-- INPUT DATA follows --

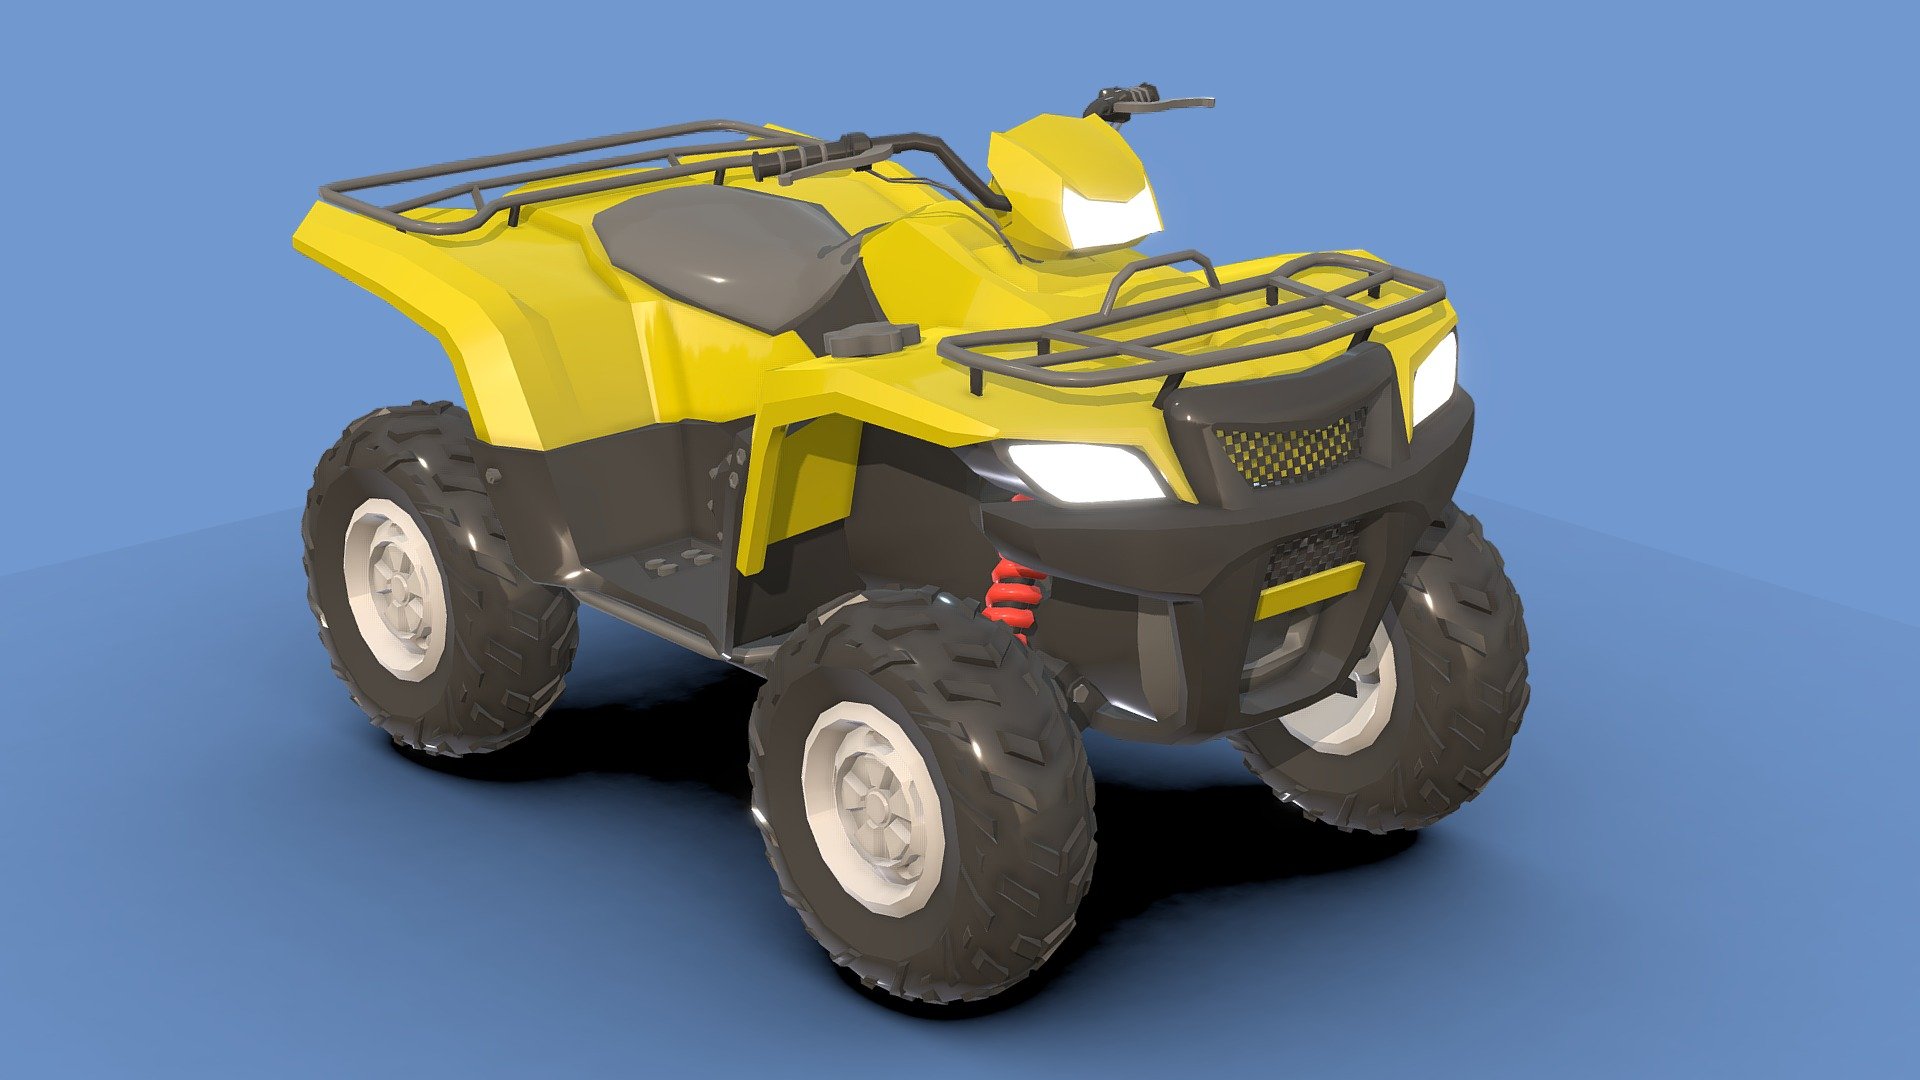 Low-Poly Quad bike 2 .

You can use these models in any game and project.

This model is made with order and precision.

The color of the body and wheels can be changed.

Separated parts (body_wheel steer).

Very low poly.

Average poly count: 22/000 Tris.

Texture size: 128/256 (PNG).

Number of textures: 2.

Number of materials: 2.

Format: fbx, obj, 3d max 3d model

-- INPUT DATA concluded --

__TASK ITEM__
Among the lines above, which ones include the word "Number"? Copy them.

__EXPECTED ANSWER__
Number of textures: 2.
Number of materials: 2.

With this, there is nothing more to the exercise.